Unfortunately, video
programming services remain stuck under a decades-old legacy regulatory
apparatus that in certain critical respects marks an unfree market. The
retransmission consent and must-carry regulatory regime established by Congress
and enforced by the FCC is a regrettable case in point.
For over 20 years now the retrans
consent/must carry regime has subjected the market for video programming to
forced access mandates and to restrictions on private bargaining. Under
"must-carry" rules, video broadcasters are granted special rights
against multichannel video programming distributors (MVPDs), such as cable and
direct broadcast satellite (DBS) operators. Those rules allow broadcasters to compel
carriage of their program content by an MVPD on a basic tier channel.
On the flip side, TV broadcasters
can chose to forego their must-carry rights and instead require that MVPDs
negotiate directly with them for permission to retransmit their video
programming. But retrans consent regulations grant protections to broadcast
networks and local stations by limiting the ability of cable operators to
choose what broadcasters to bargain with and what programming to bargain for.
In particular, network non-duplication rules block MVPDs from importing network
programming from another affiliate of the same broadcast network as a
designated local TV station, even if the local TV station is not carried by the
MVPD. And syndicated exclusivity rules block MVPDs from carrying syndicated
programming broadcast by out-of-market TV stations when the same programs are
broadcast by local TV stations.
FSF Board of Academic Advisors
member Bruce Owen recounted the history of political favoritism and
protectionism behind retrans consent and must carry in his Perspectives from FSF Scholars paper, "The FCC and the Unfree Market for TV Program
Rights." And in a Perspectives paper titled "Broadcast Retransmission Negotiations and
Free Markets," FSF
President Randolph May concluded the retrans consent regime "creates artificial constraints that make the
negotiations anything but a free market situation" and has "the
effect of conferring certain advantages that may work to the negotiating
advantage of broadcasters and against the MVPDs."
Now in a December
12 blog post at RedState, CEI's Fred Campbell took aim at the American
Television Alliance's (ATVA) 2010 petition requesting that the FCC adopt
certain retrans consent negotiation and dispute resolution rules. In so doing,
he likened ATVA's efforts to obtain such retrans consent regulations with the
efforts of pro-regulatory advocates to impose network neutrality regulations.
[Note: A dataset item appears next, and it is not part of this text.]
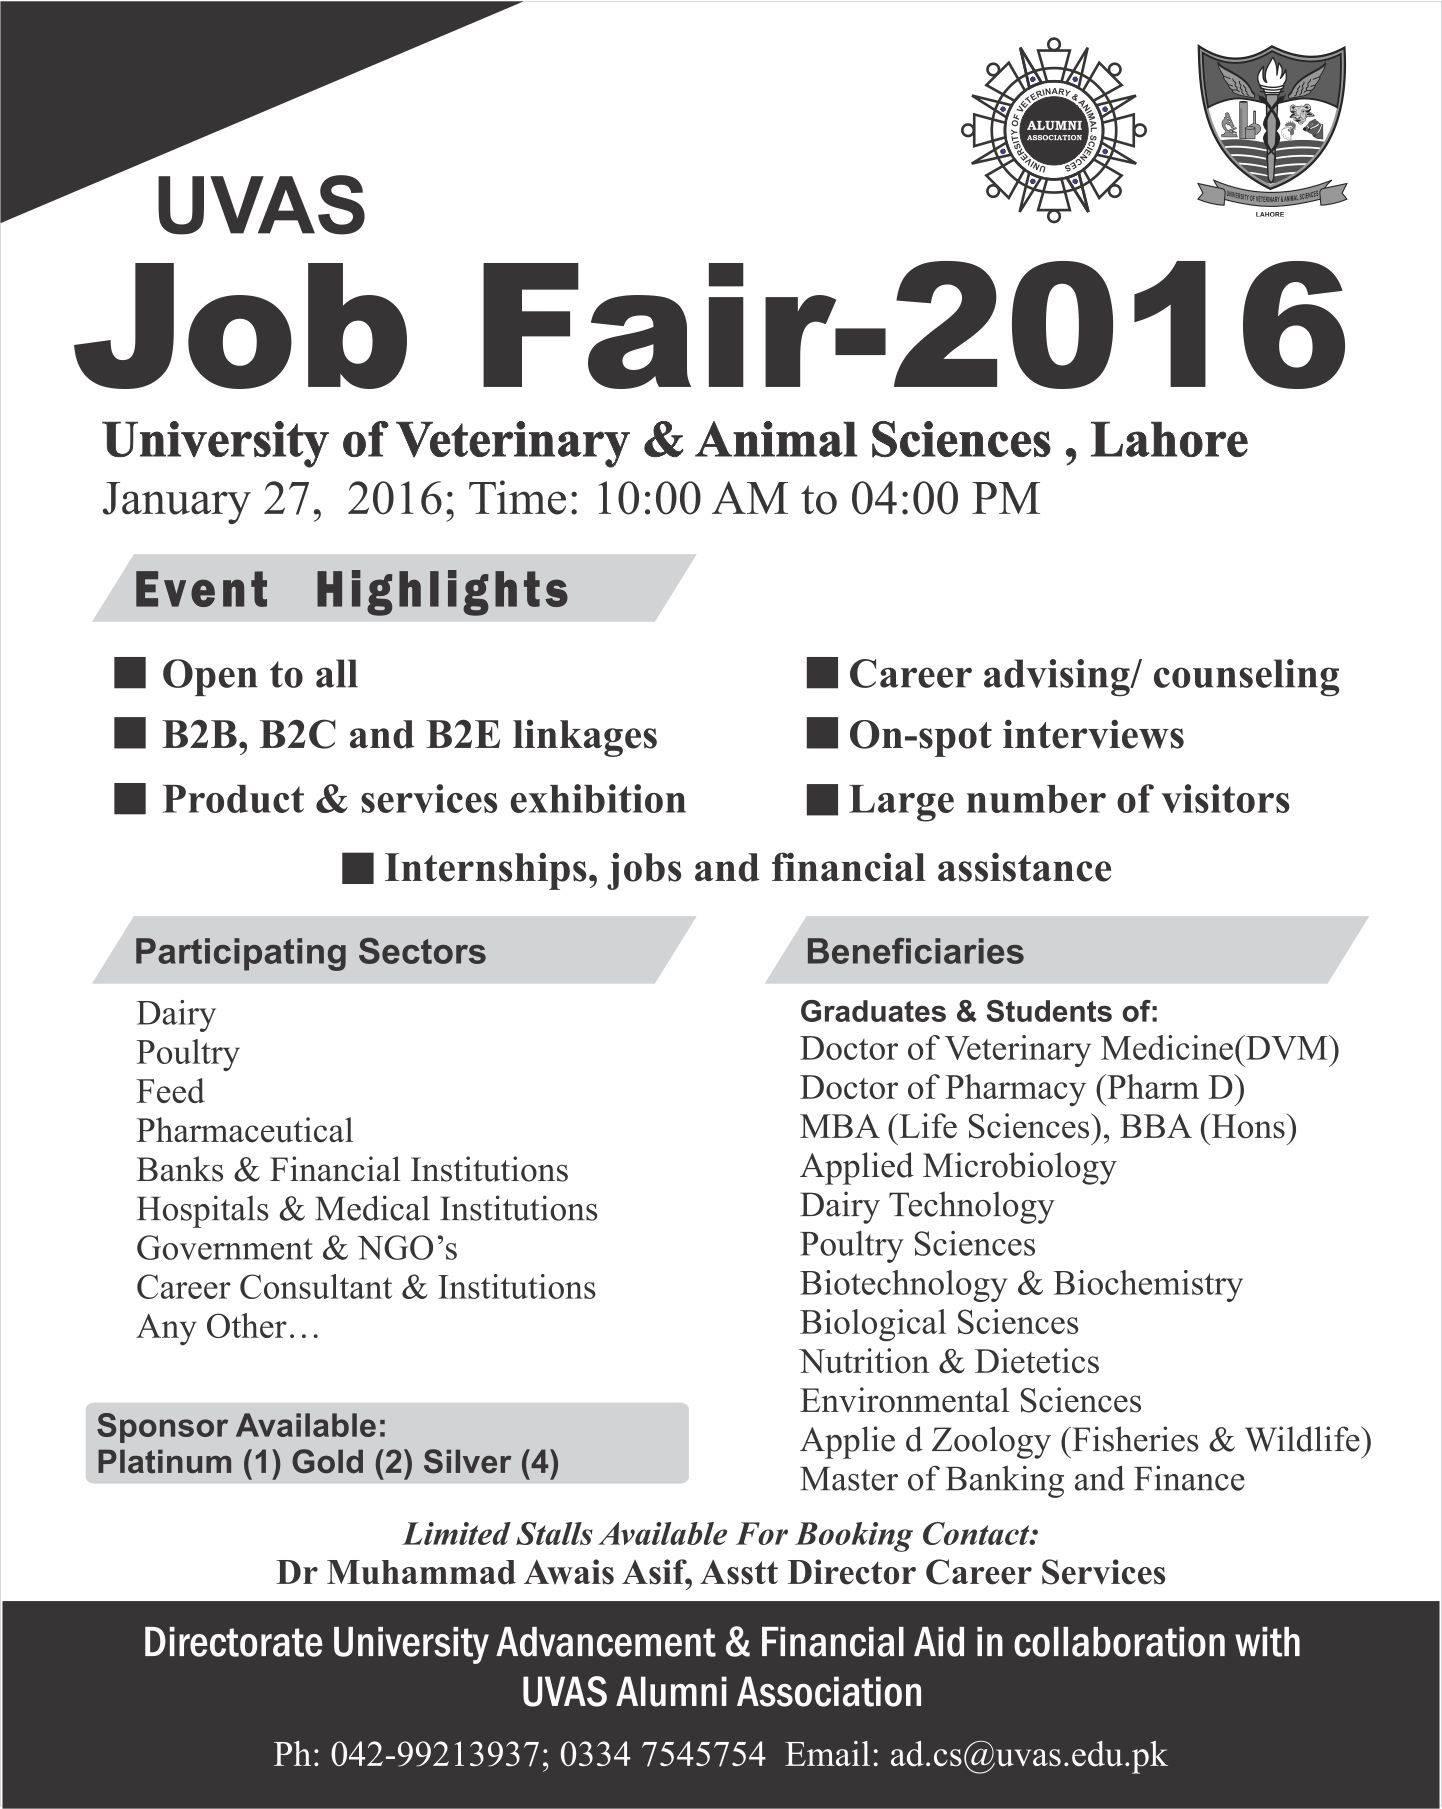 UVAS Lahore Job Fair 2016 Date, Time, Venue

Fred Campbell is a former FCC Wireless Bureau Chief, a skilled
analyst, and, in general, a free marketer. We at FSF are in considerable
agreement with him on many communications policy issues and respect his work. But
I believe a false equivalency has been made in his blog post between rules that
modify an existing regulatory regime for one type of services and rules that
subject a previously free market to new regulatory controls.
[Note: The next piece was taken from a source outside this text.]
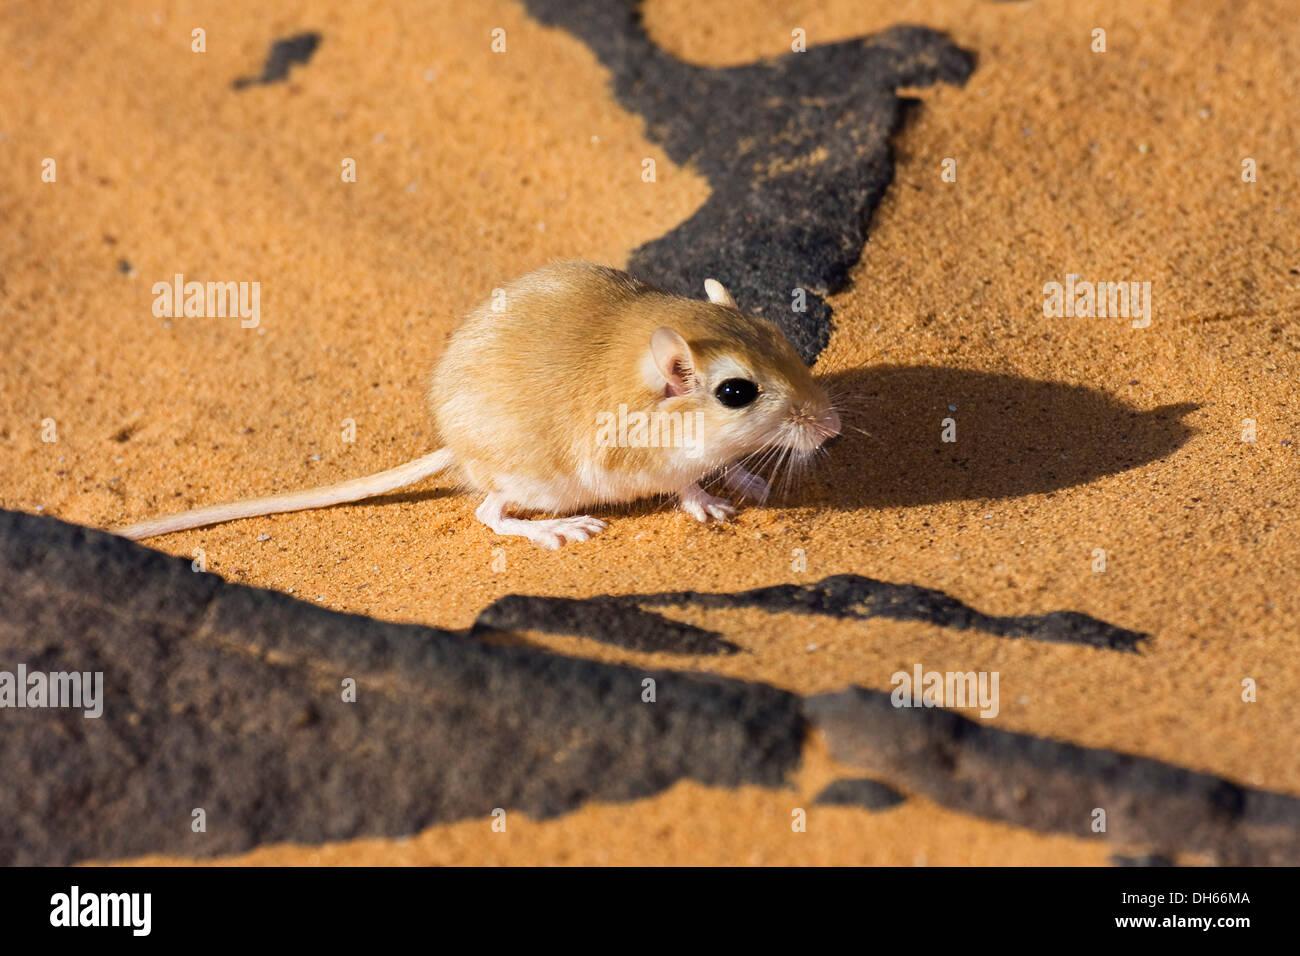 Wüstenrennmaus (Meriones SP.), Libyen, Sahara, Nordafrika, Afrika Stockbild

Even if the FCC never acts on ATVA's petition, video
programming negotiations between TV broadcasters and MVPDs are already un-free
in significant respects. This is due to the 20 year-old restrans consent
regulations, discussed above, that restrict who MVPDs can negotiate with. By
contrast, prior to the FCC's Open
Internet Order, broadband Internet access providers were free, if they
pleased, to negotiate with content or "edge" providers regarding data
transmission. The FCC's net neutrality regulations now restrict – or at least
disfavor – certain kinds of two-sided pricing arrangements that may be consumer
welfare-enhancing.
Surely there may be costs associated with all of the various
proposals contained in ATVA's petition, just as there may be benefits
associated with them. I leave the merits of ATVA's various proposals to others.
The real focus should be on the more fundamental task of establishing a truly
free market context for retrans consent negotiations, and for video services
generally. The ultimate goal should be to eliminate regulatory intrusion in
this space – and to thereby eliminate occasions for debate over whether this or
that particular modification to the old regulations will tip the scales in
favor of one class of competitors over another.
One promising vehicle for comprehensive free market reform is H.R. 3720, the Next
Generation Television Marketplace Act. Just introduced again by Congressman Steve
Scalise, the bill would finally eliminate outdated legacy video regulations
that rest on an early 1990s snapshot picture of the video market. Among other
things, the Next Generation Television Marketplace Act would repeal retrans
consent regulations and allow negotiations for carriage of TV broadcast
stations to take place in a deregulated and truly free market context.
Perhaps Fred Campbell may agree with me that this would be a good thing and that Rep. Scalise's "NextGenTV" bill represents the proper direction for reform.
Perhaps Fred Campbell may agree with me that this would be a good thing and that Rep. Scalise's "NextGenTV" bill represents the proper direction for reform.